I'm making a list of things to take when I move to Freiburg next month, (and for the bike but that's elsewhere)

What is the accepted wisdom in minimal tools to take, for sorting things out in the house? I'll be going back to the family every week or two so I can safely leave some things, and also the Landlord lives in the building and says I can borrow tools for most things but but obviously I need to be prepared for everyday stuff instead of disturbing them whenever I need to sort out a minor problem.

My current thoughts are some screwdrivers, a small socket set and a a voltmeter. I don't even need stuff to repair furniture or hang up pictures because the house is sold as furnished and I can't make holes in the walls.

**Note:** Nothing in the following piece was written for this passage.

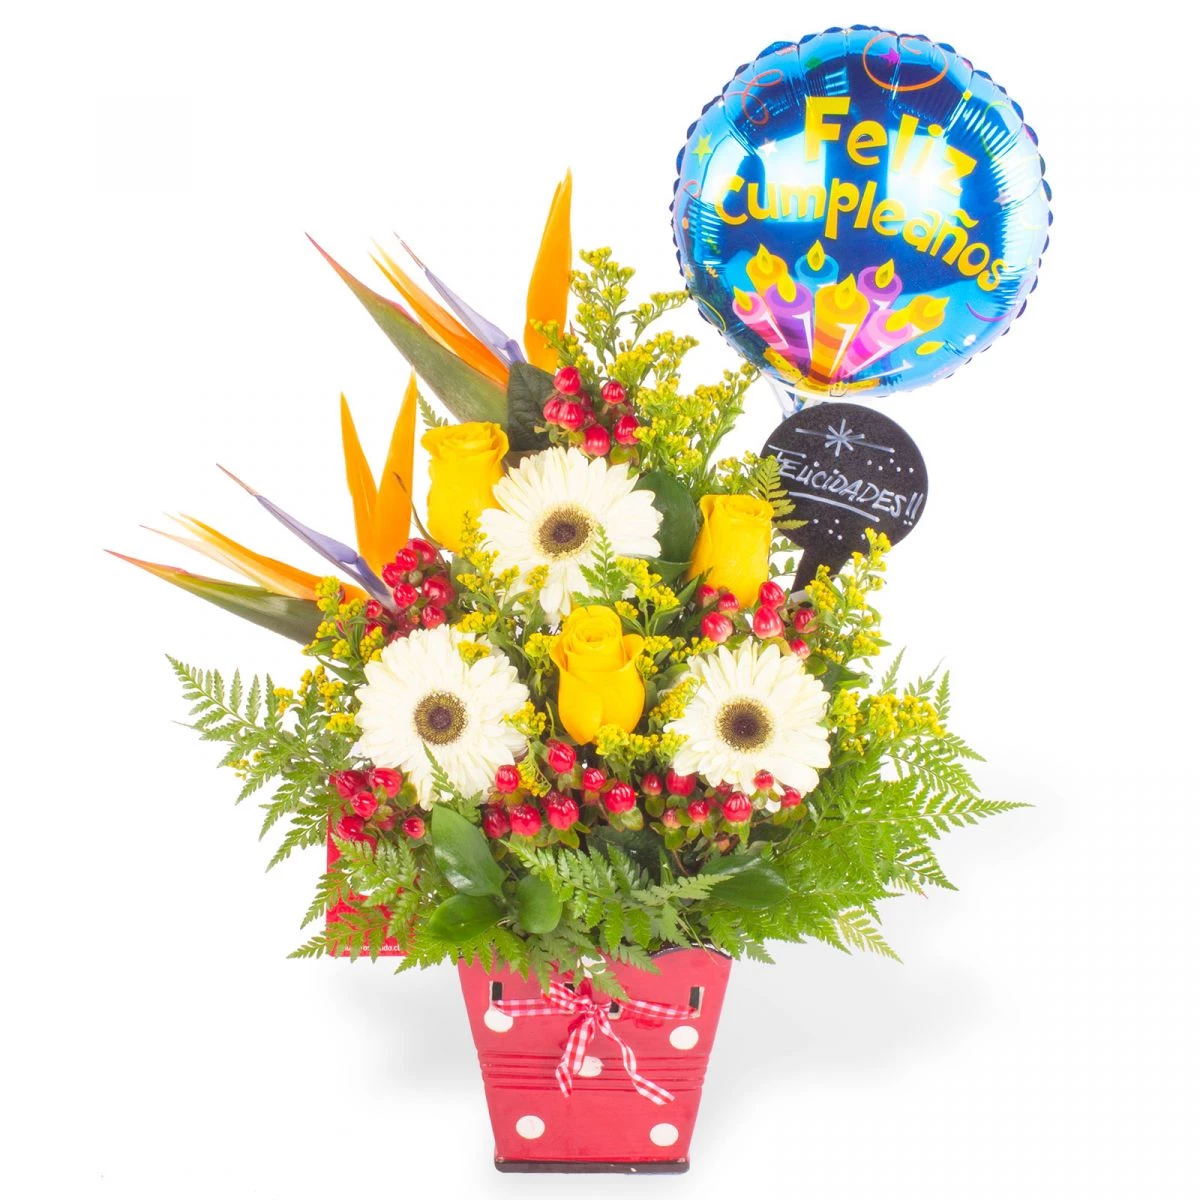 Foto principal Cumpleaños Mágico Rosas Amarillas - Arreglo floral de cumpleaños con globo, pizarra, rosas amarillas, gerberas y aves del paraíso

What else would be considered essential?


----------



## Alex H (19 Apr 2020)

Wire cutters, adjustable spanner, stanley knife, ruler / tape measure, pliers, can of WD-40


----------



## Ming the Merciless (19 Apr 2020)

Zip ties and duct tape. Sorted


----------



## slowmotion (19 Apr 2020)

A £10 electrical multimeter for poking into electrical stuff. Make sure the leads are good for 230 volts AC. Like this...…..

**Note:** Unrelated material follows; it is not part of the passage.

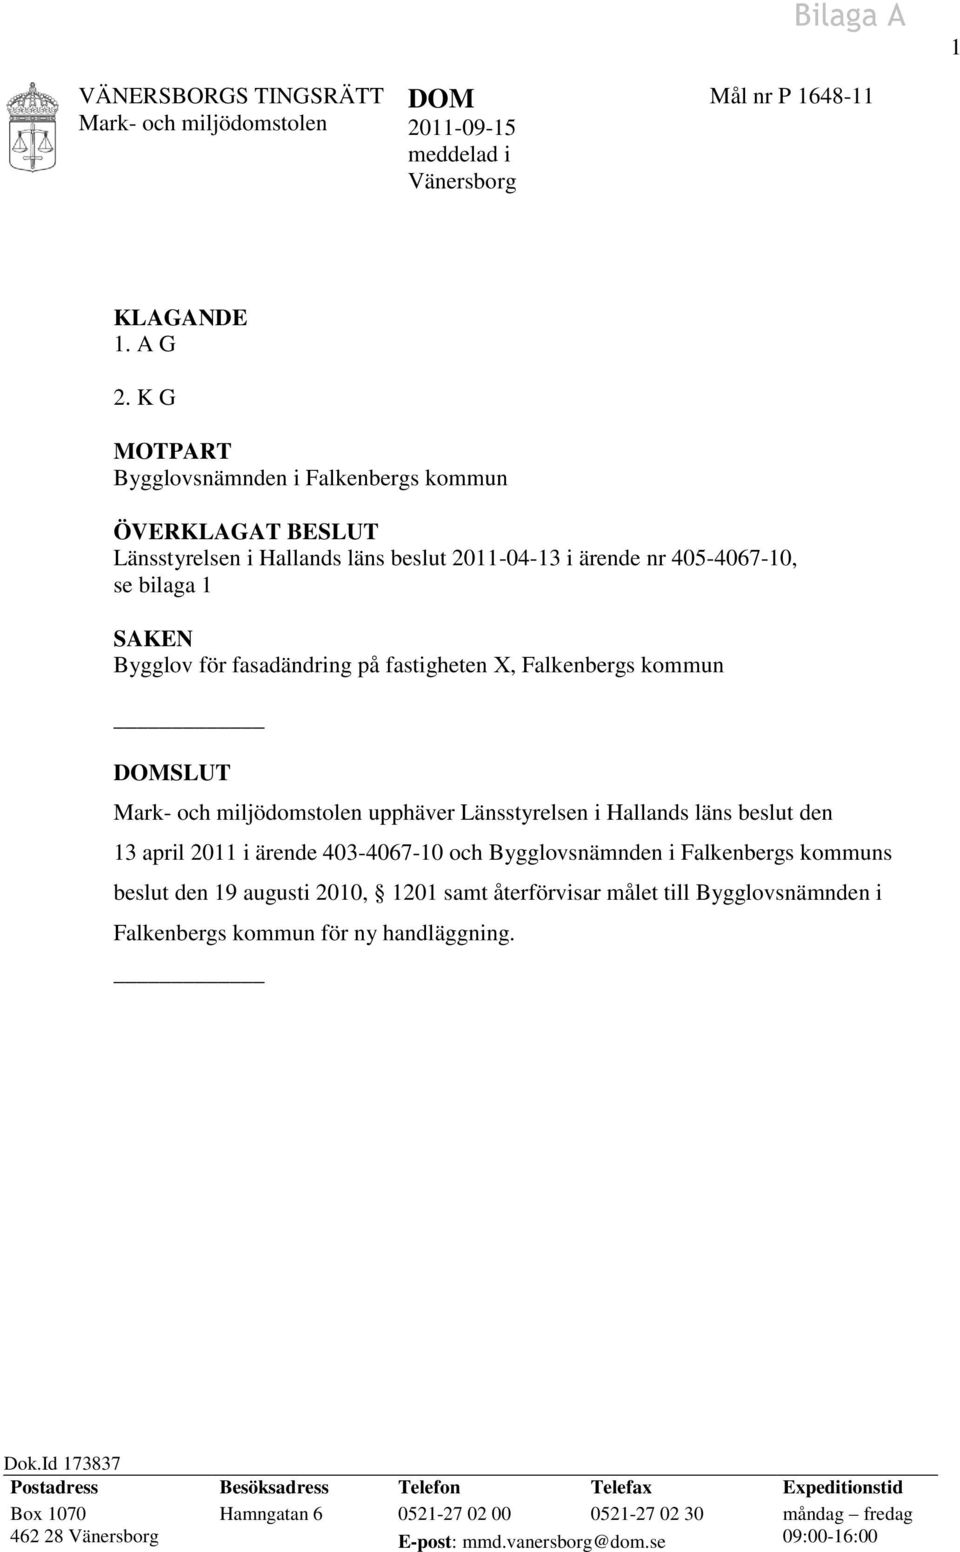 fastigheten X, Falkenbergs kommun DOMSLUT upphäver Länsstyrelsen i Hallands läns beslut den 13 april 2011 i ärende 403-4067-10 och Bygglovsnämnden i Falkenbergs kommuns beslut den 19 augusti

https://www.screwfix.com/p/lap-mas830b-digital-multimeter-600v/75337

……...and a torch.


----------



## Randomnerd (19 Apr 2020)

Gaffer tape and WD40. Stick it if it isn’t stuck. Unstick it if it‘s stuck. And a big hammer if these two fail.


----------



## slowmotion (19 Apr 2020)

A Baby Boa strap wrench is dead handy for gripping all sorts of awkward shapes without chewing






them up.....plastic plumbing fittings, jam jar tops, champagne corks etc. They're very inexpensive


----------



## Tail End Charlie (19 Apr 2020)

I have a tote bag, in which lives screwdrivers, sockets, wire cutter and stripper, assorted glues and tape, easing oil, adjustable spanner, Stanley knife, disposable gloves, pencils and a spirit level. Gets me through most things and when I know the job I'm going to do, I may add other stuff.


----------



## neil_merseyside (20 Apr 2020)

He's a crap landlord if you need a toolkit?


----------



## slowmotion (20 Apr 2020)

neil_merseyside said:


> He's a crap landlord if you need a toolkit?


That's one way of looking at it but I think you're going to be constantly disappointed if you can't be a teeny weeny bit self reliant.


----------